#### What to produce
Transcribe word for word the lines below from the line with "Pack 933 100er" through the line with "Blueberry HDMI Kabel (3m) von Audioquest", ends included.

#### Available data
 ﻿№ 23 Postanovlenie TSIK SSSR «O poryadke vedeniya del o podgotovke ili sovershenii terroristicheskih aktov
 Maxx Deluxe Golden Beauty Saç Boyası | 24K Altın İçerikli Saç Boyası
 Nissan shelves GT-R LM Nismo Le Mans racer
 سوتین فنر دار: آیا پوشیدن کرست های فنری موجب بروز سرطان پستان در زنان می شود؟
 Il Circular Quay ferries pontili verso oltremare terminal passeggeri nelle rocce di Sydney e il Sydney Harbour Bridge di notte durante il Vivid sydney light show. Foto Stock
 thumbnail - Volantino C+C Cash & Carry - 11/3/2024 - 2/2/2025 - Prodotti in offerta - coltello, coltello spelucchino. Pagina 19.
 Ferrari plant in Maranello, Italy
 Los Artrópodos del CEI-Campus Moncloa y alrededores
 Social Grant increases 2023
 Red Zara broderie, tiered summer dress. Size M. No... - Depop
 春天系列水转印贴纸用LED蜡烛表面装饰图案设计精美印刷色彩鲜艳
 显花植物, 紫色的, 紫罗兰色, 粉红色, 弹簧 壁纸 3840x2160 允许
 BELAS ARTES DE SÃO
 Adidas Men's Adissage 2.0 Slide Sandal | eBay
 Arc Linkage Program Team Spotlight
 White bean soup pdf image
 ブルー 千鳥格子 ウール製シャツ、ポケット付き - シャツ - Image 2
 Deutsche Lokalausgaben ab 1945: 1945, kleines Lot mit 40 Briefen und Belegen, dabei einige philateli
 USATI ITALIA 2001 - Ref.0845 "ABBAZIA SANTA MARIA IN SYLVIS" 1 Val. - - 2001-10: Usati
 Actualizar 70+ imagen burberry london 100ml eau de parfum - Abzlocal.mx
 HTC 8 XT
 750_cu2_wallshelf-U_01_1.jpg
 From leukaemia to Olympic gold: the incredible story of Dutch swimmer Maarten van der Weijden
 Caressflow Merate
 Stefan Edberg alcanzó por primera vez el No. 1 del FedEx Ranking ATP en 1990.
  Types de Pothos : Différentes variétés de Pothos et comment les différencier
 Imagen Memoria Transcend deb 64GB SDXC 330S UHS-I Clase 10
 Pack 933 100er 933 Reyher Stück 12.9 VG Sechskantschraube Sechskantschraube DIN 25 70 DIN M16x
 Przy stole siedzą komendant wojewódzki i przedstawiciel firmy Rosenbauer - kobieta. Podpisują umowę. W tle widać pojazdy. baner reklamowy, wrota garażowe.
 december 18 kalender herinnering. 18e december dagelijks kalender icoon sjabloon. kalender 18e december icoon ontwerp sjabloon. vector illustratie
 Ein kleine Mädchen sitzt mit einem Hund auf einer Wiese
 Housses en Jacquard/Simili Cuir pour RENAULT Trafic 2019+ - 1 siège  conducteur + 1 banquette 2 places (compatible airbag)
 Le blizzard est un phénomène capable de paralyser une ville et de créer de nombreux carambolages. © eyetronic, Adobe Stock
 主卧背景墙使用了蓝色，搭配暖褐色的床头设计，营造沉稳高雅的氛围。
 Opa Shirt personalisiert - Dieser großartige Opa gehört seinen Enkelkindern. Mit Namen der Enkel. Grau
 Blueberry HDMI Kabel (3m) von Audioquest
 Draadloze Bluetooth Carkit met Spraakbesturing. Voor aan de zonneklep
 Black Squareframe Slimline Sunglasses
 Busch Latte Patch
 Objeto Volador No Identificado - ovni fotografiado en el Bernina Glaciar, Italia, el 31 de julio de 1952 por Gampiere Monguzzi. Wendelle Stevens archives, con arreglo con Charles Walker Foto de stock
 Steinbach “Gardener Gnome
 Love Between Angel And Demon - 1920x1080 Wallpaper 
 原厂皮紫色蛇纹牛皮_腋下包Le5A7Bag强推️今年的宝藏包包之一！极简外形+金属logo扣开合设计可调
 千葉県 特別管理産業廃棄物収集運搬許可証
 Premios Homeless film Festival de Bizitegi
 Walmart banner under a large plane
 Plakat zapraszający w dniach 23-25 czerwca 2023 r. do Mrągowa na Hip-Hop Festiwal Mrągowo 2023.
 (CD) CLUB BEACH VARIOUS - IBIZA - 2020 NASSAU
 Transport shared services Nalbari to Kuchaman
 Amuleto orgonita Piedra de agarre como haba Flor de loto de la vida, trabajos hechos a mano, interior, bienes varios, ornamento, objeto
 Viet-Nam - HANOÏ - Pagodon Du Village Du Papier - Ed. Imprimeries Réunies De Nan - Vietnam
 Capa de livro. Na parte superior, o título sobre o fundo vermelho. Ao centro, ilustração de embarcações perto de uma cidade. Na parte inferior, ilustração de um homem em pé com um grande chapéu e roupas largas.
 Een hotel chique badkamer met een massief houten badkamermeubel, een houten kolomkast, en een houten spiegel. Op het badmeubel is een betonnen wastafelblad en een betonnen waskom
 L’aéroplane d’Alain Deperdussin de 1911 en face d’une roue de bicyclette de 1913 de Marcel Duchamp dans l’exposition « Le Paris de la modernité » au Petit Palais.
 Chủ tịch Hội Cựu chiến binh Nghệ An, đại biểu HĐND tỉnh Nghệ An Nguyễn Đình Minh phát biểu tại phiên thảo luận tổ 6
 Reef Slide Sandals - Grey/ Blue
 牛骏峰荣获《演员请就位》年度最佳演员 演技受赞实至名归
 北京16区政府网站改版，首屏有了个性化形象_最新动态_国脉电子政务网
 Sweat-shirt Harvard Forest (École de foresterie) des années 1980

#### Expected answer
 Pack 933 100er 933 Reyher Stück 12.9 VG Sechskantschraube Sechskantschraube DIN 25 70 DIN M16x
 Przy stole siedzą komendant wojewódzki i przedstawiciel firmy Rosenbauer - kobieta. Podpisują umowę. W tle widać pojazdy. baner reklamowy, wrota garażowe.
 december 18 kalender herinnering. 18e december dagelijks kalender icoon sjabloon. kalender 18e december icoon ontwerp sjabloon. vector illustratie
 Ein kleine Mädchen sitzt mit einem Hund auf einer Wiese
 Housses en Jacquard/Simili Cuir pour RENAULT Trafic 2019+ - 1 siège  conducteur + 1 banquette 2 places (compatible airbag)
 Le blizzard est un phénomène capable de paralyser une ville et de créer de nombreux carambolages. © eyetronic, Adobe Stock
 主卧背景墙使用了蓝色，搭配暖褐色的床头设计，营造沉稳高雅的氛围。
 Opa Shirt personalisiert - Dieser großartige Opa gehört seinen Enkelkindern. Mit Namen der Enkel. Grau
 Blueberry HDMI Kabel (3m) von Audioquest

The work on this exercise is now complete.